▸ Prompt
Would you please repeat, word for word, only the lines from the one holding "PlateART Duschrückwand mit" through the one holding "Odyn 7 in. Premium Tornado Stone Blade" in the material below, without the pictures?

▸ Material for this exercise
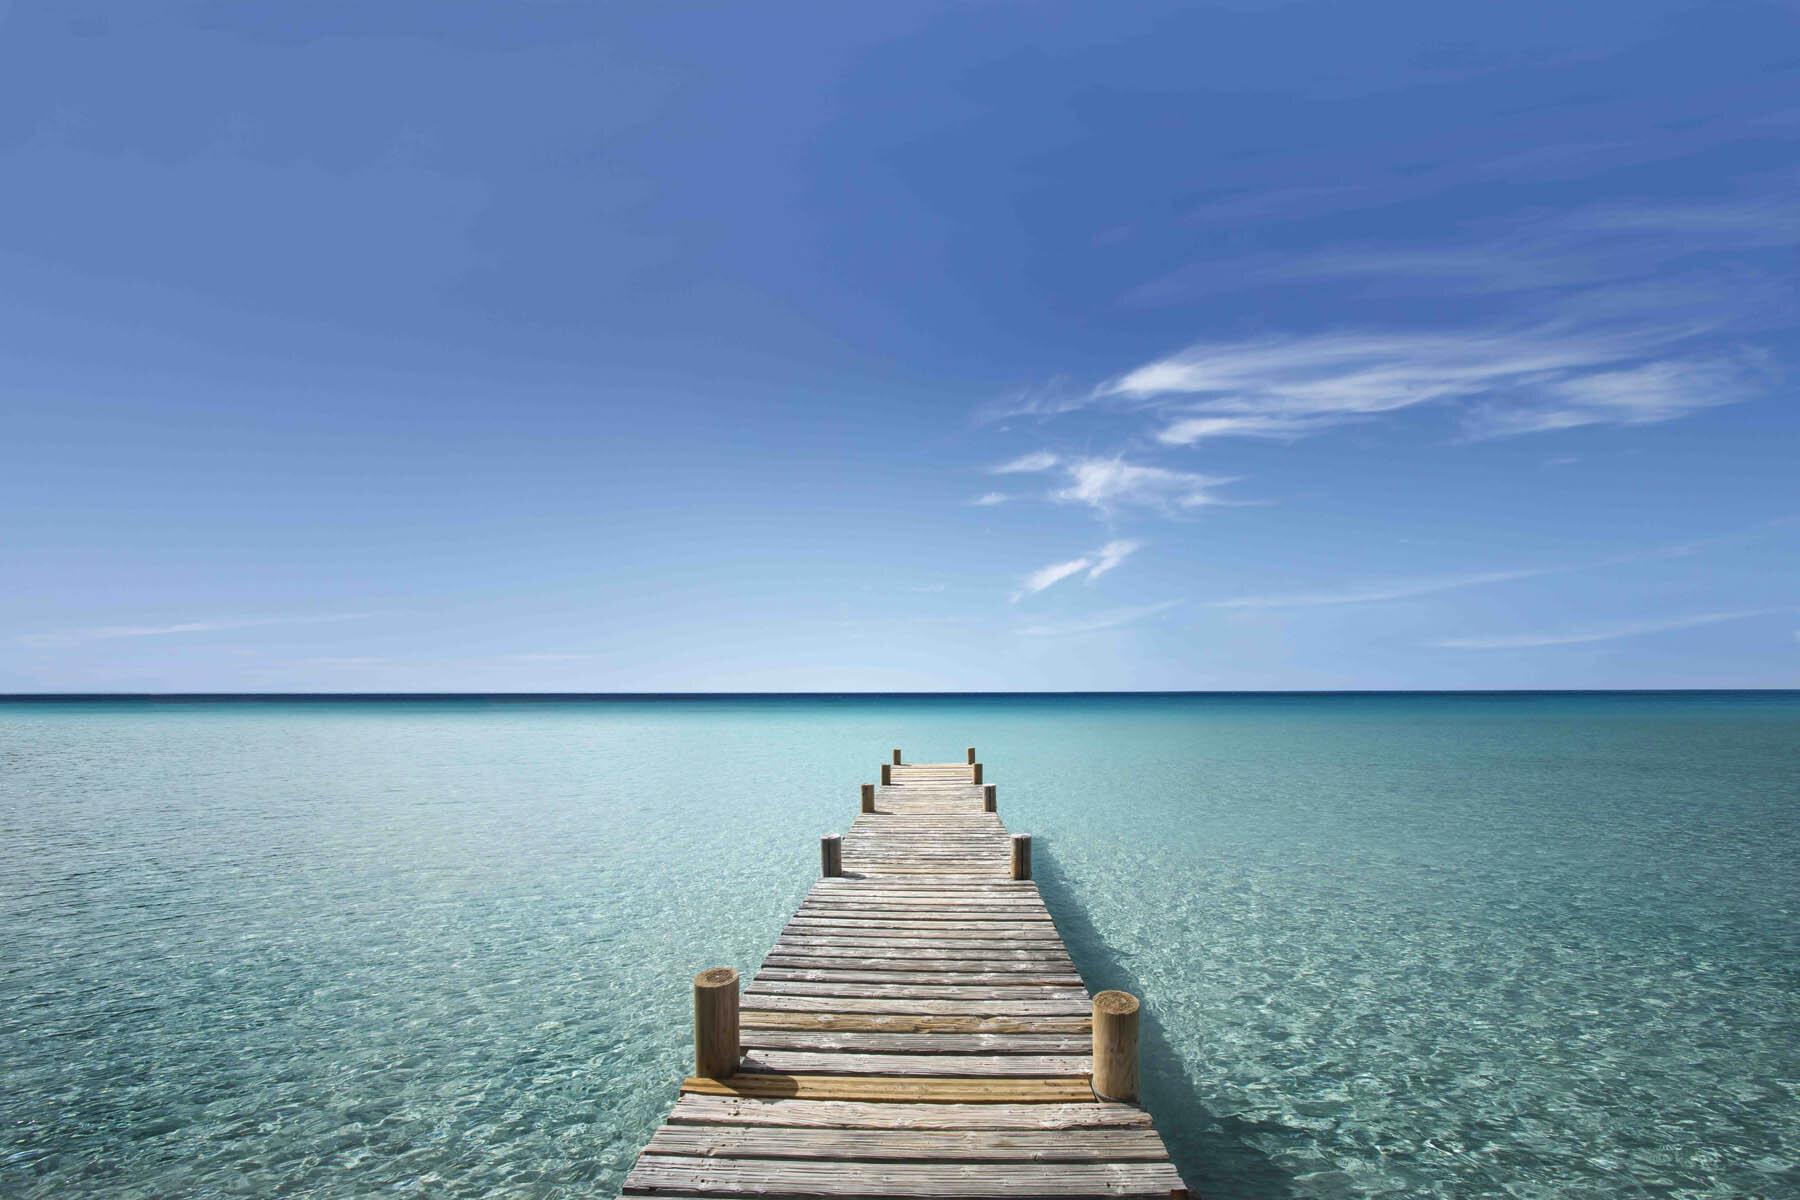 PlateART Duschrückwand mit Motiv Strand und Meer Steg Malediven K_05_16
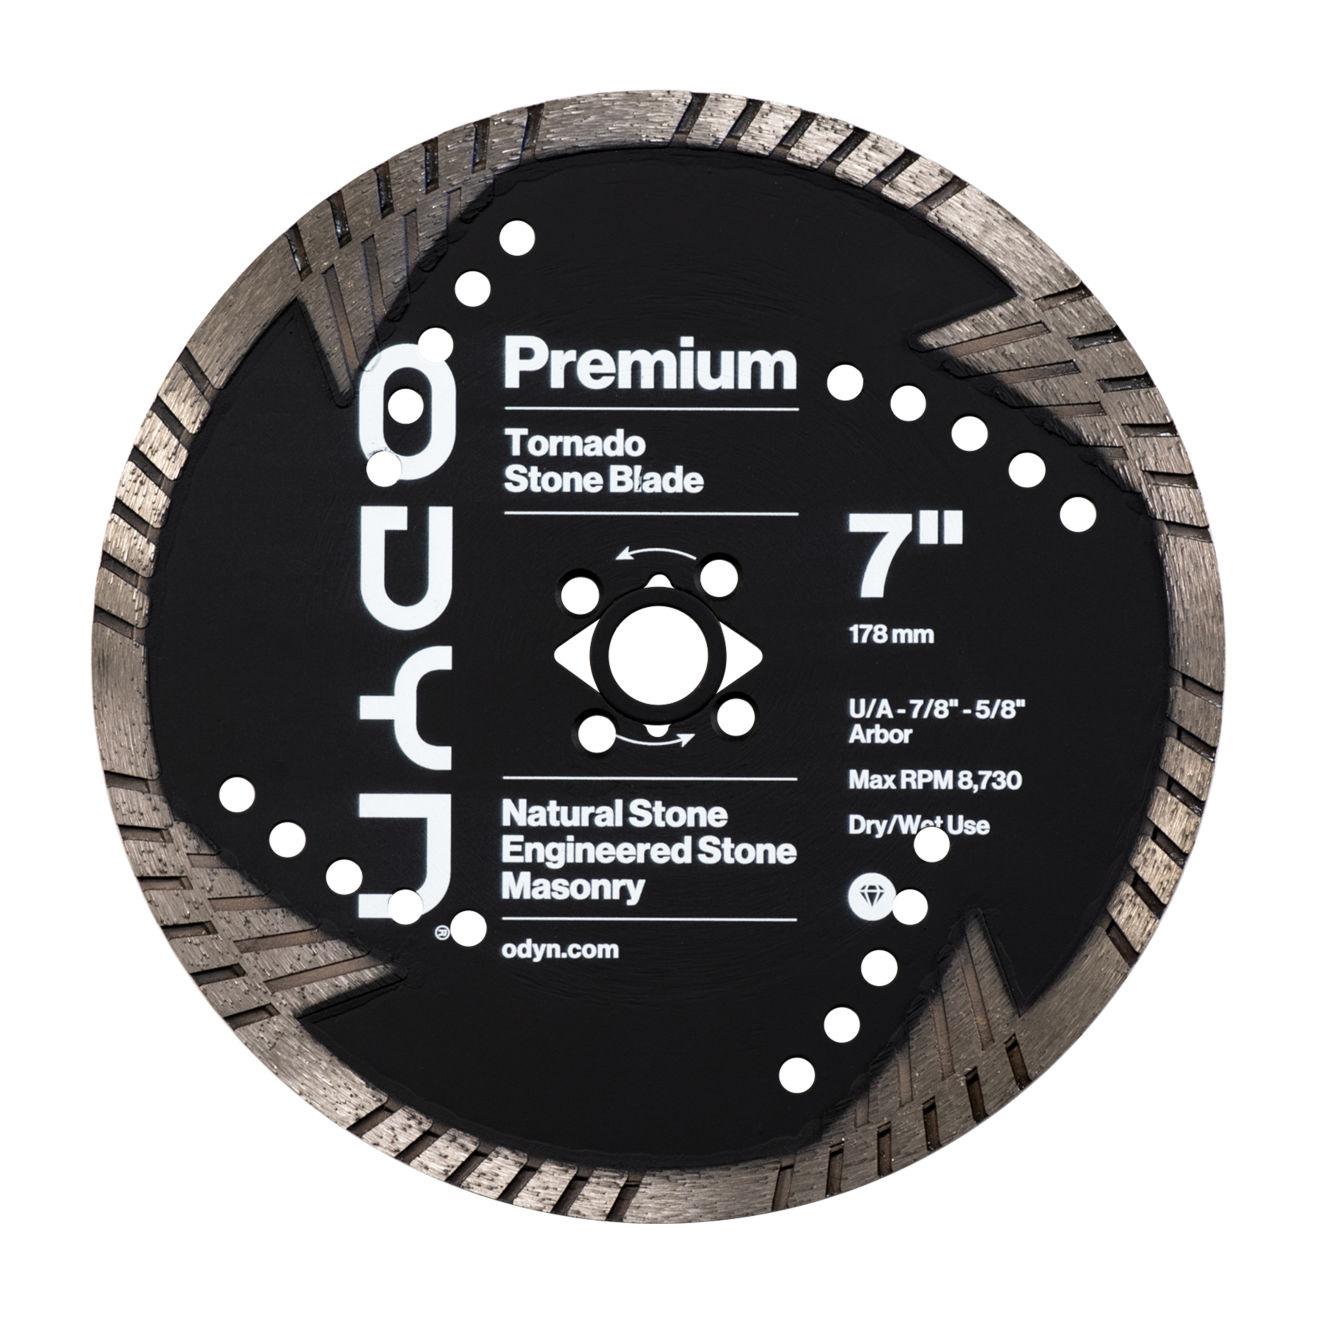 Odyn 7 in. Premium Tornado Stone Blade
--
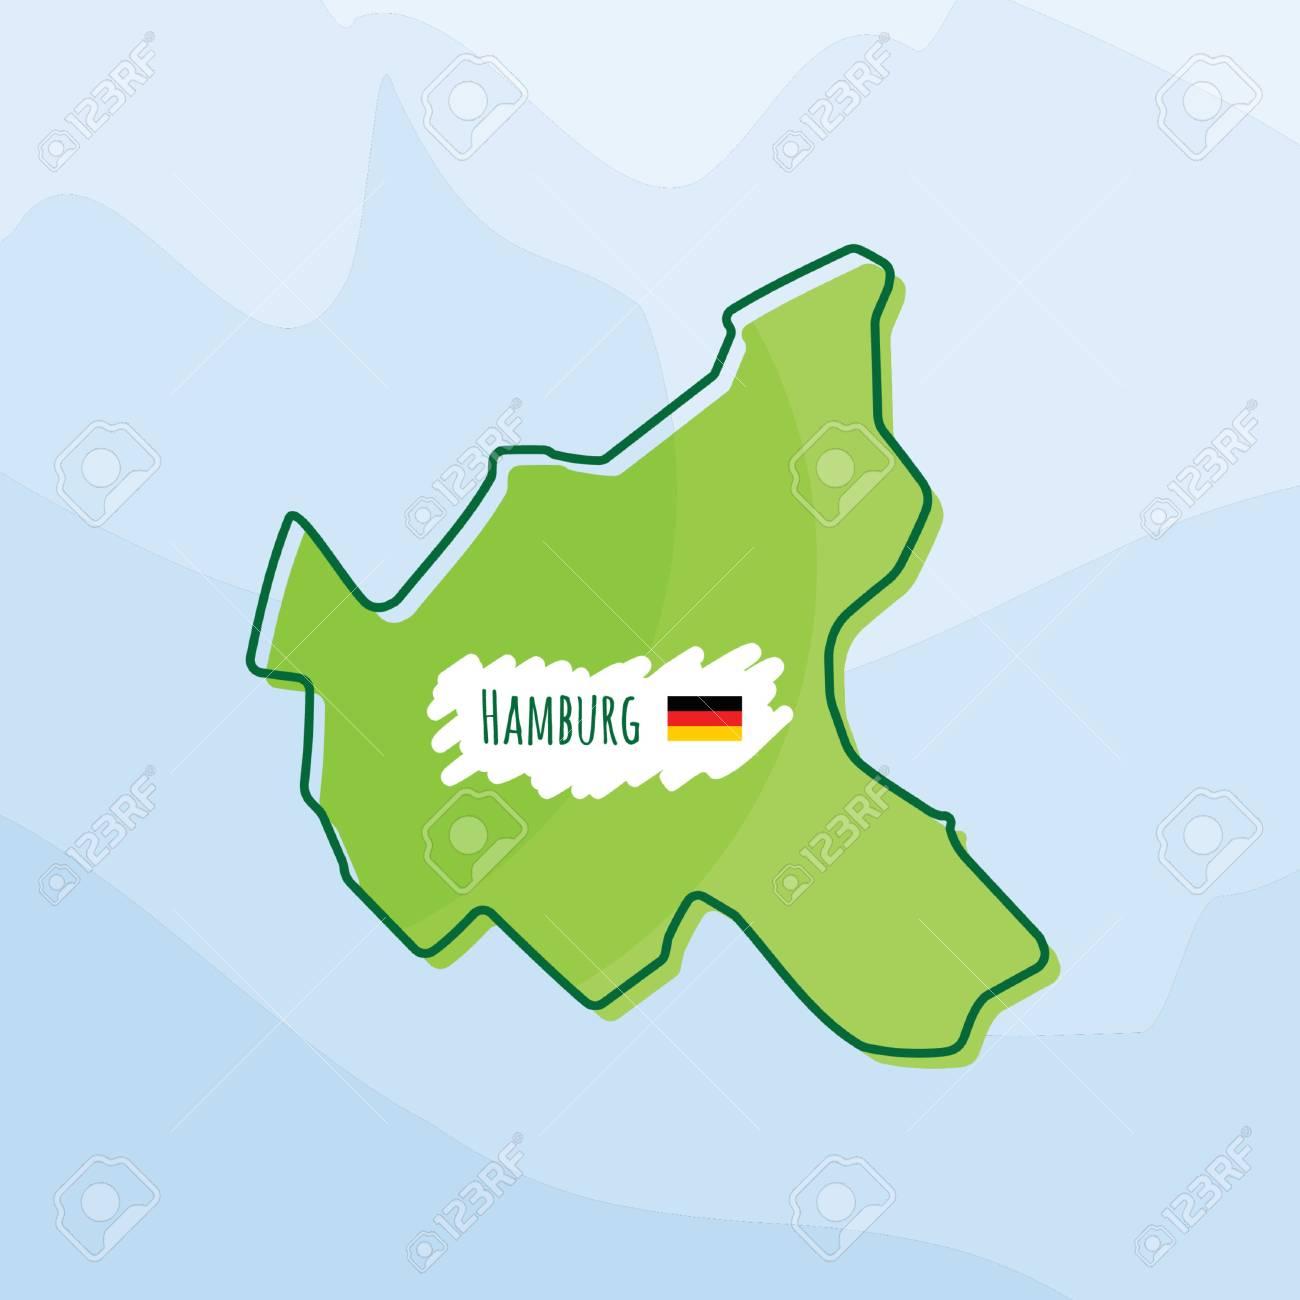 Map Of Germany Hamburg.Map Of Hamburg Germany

▸ Reply
 PlateART Duschrückwand mit Motiv Strand und Meer Steg Malediven K_05_16
 Odyn 7 in. Premium Tornado Stone Blade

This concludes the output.